Most of the teeth I've seen in the anti-trust regulation is the ability to
break up companies after they have monopolized.

------
robomartin
As an entrepreneur I have dedicated most of the last 25 years to doing
hardware (read: manufacturing) ventures. Manufacturing in the US is hard, if
not impossible, save cases where the ecosystem or nature of the market can
support it. Problems one could face include: ip (patents) mine field,
government regulations, liability issues, lack of localized supply chains,
high labor costs, high insurance costs, high taxes and more.

Then, to boot, if you are lucky enough to have to deal with the government or
in an industry where government has decided they know better, well, this can
be described with two words: Pain and Frustration.

The mechanisms described in the article kept me from even considering making
an effort to do some good in the medical field. It's just too painful.

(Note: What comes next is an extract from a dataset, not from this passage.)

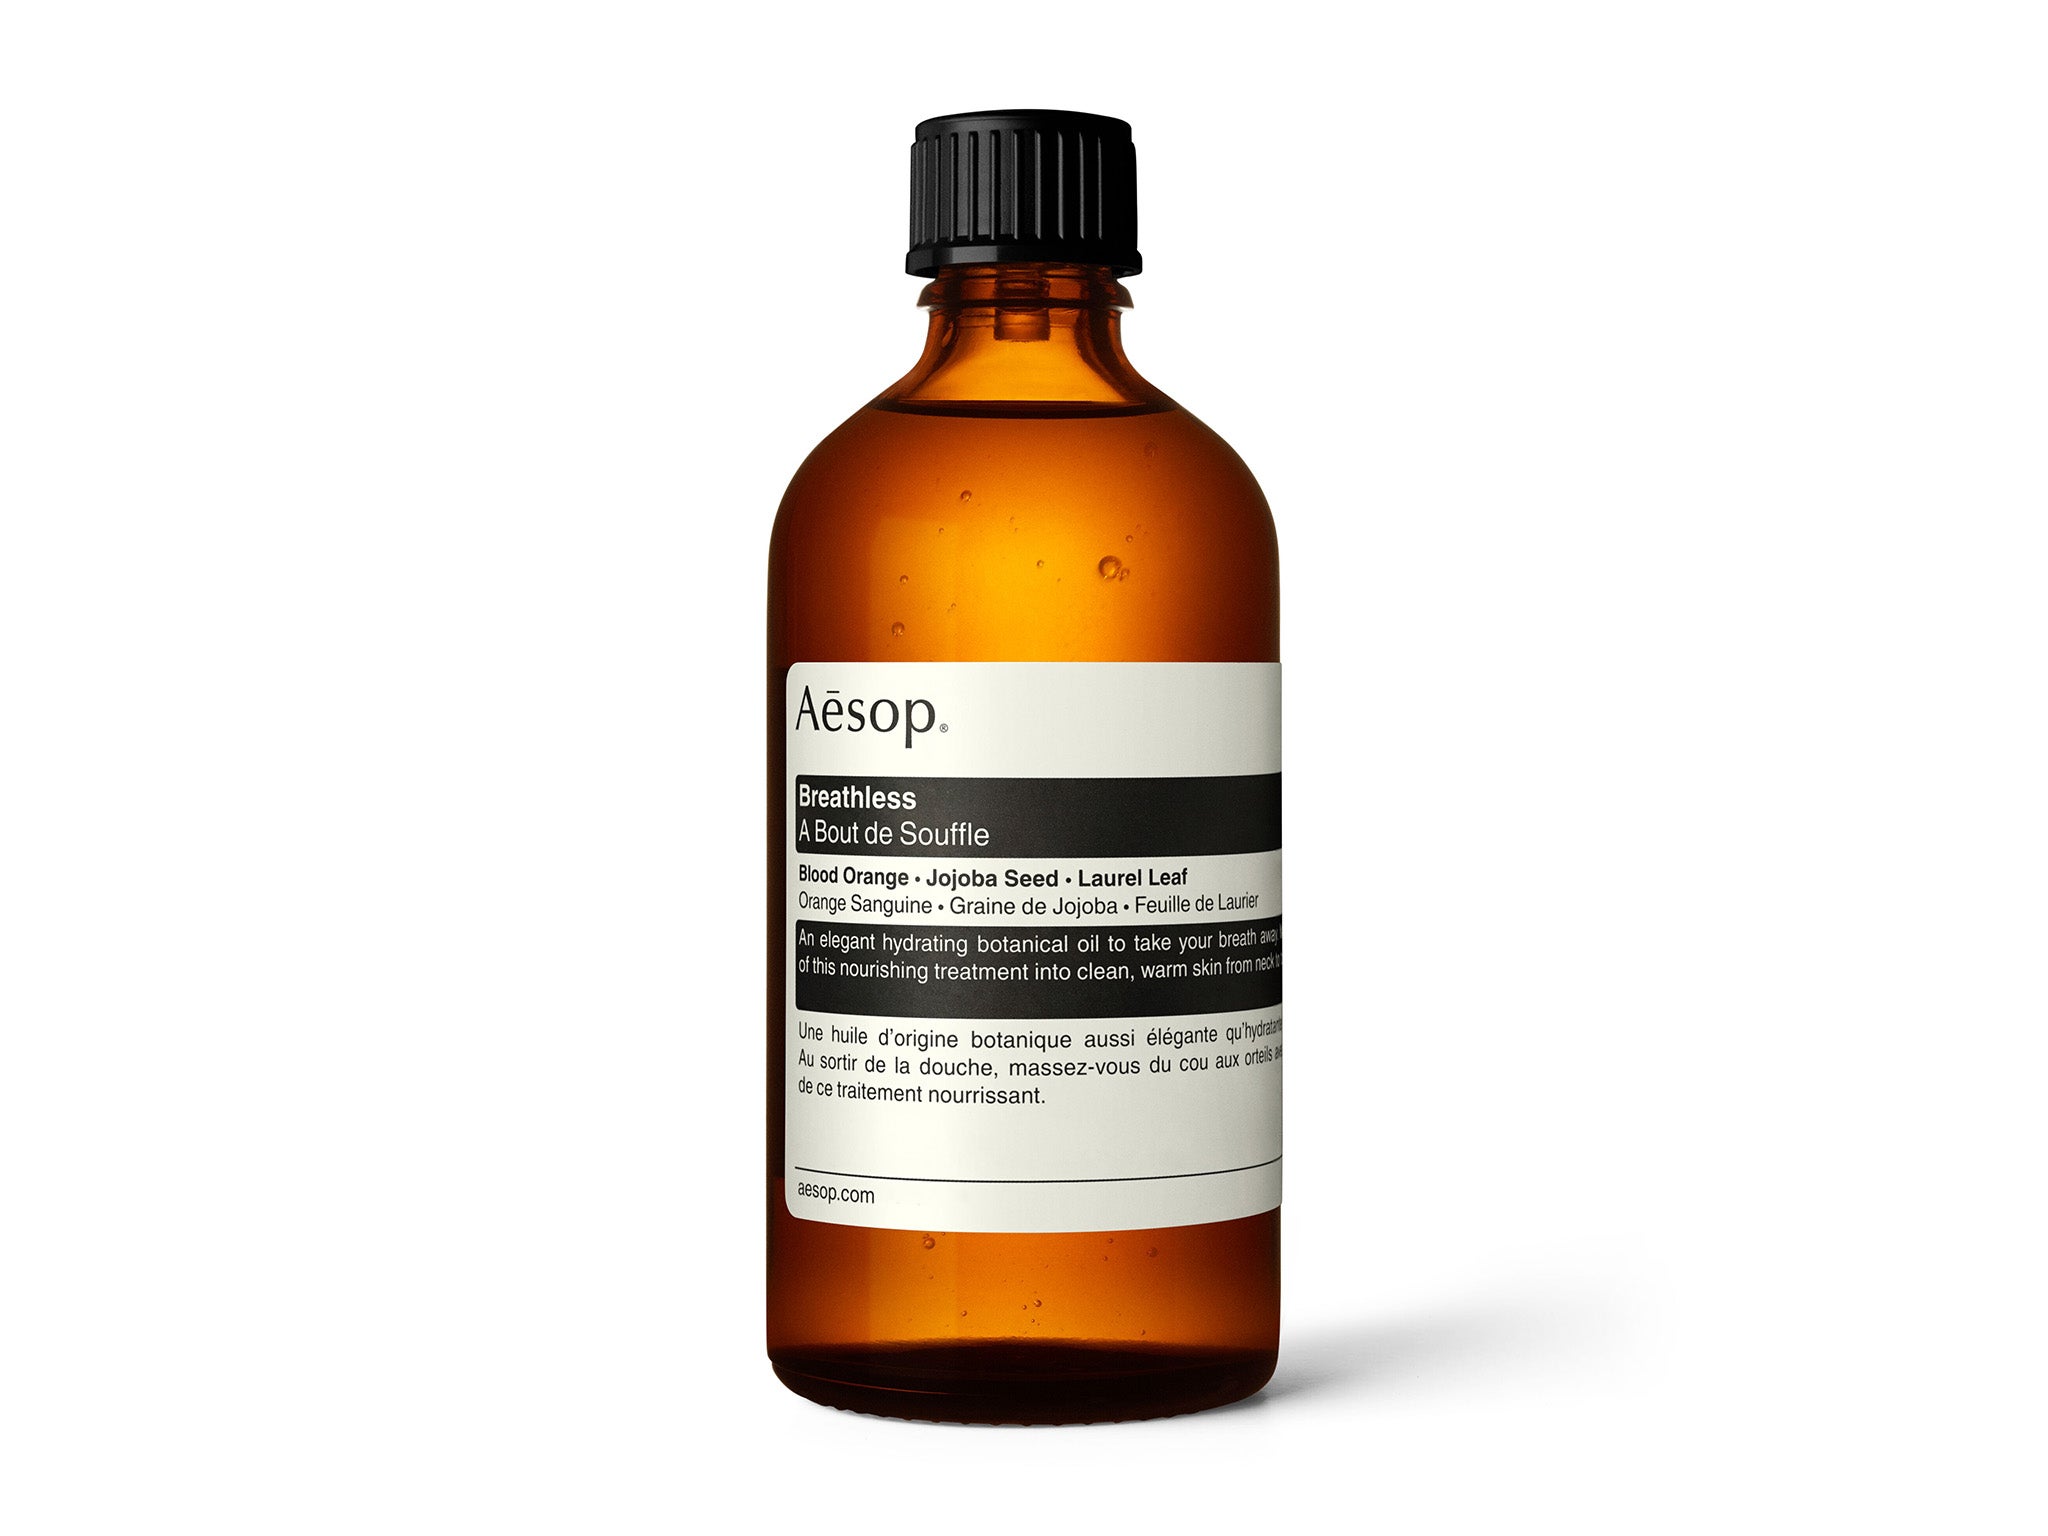 Aesop breathless body oil
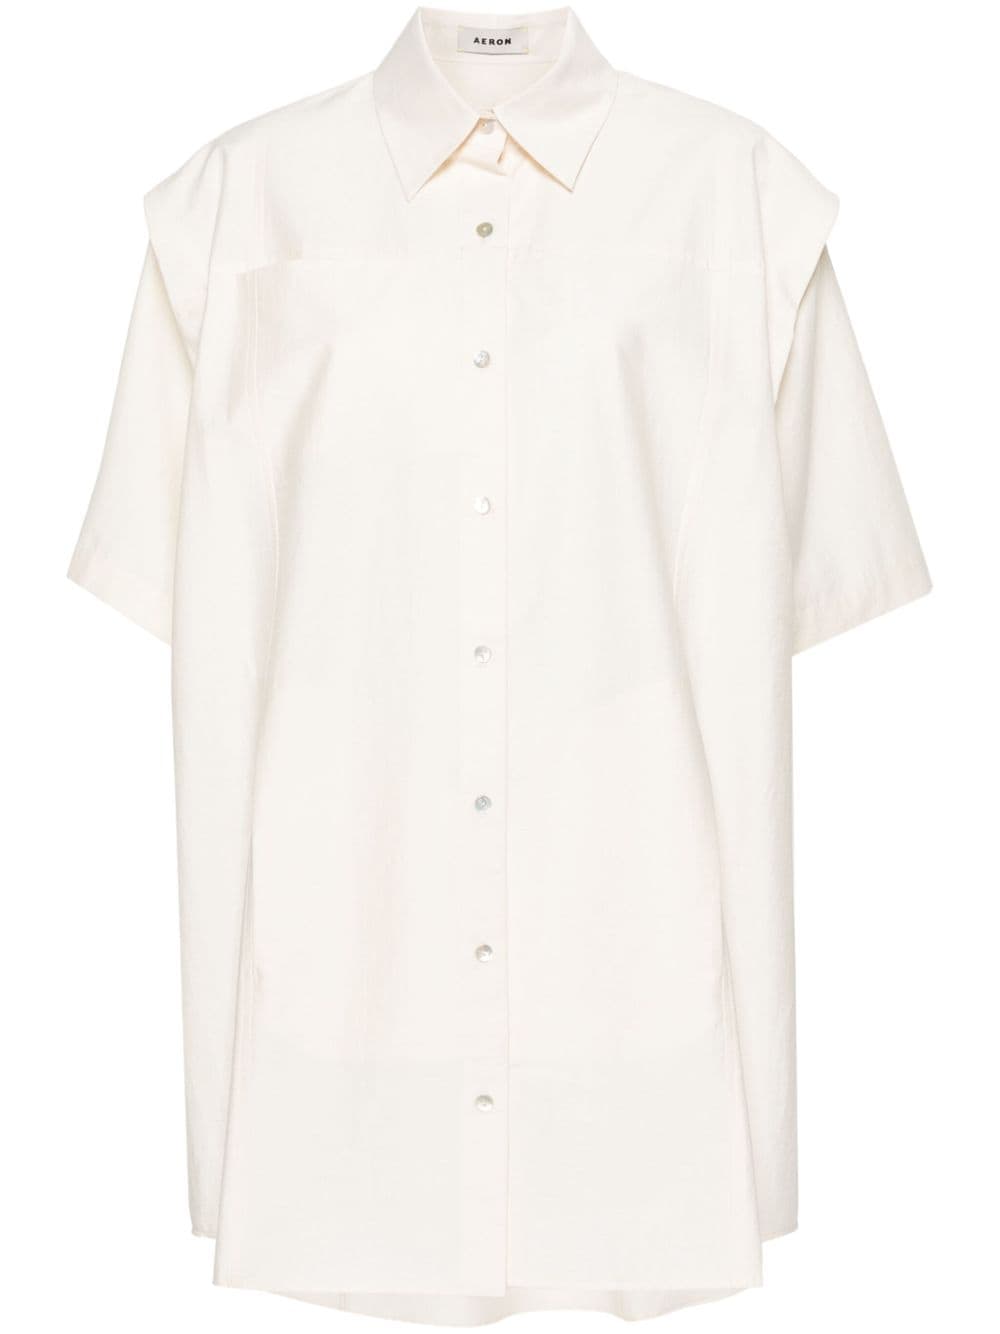 AERON Tamar poplin shirt dress - Neutrals von AERON

Finally, about two years ago, I had enough and decided to be done with making
stuff and pivot into software-only products. This was not a huge pivot in that
most of the products we manufactured during the last 20 years had significant
software elements (embedded, FPGA and related workstation applications). The
transition just meant making a very conscious effort to not go after hardware
ideas. This was hard in that I personally like making physical products. But,
no more.

My point in relating this personal story is that I have the scars to
understand what this little syringe company must have been through.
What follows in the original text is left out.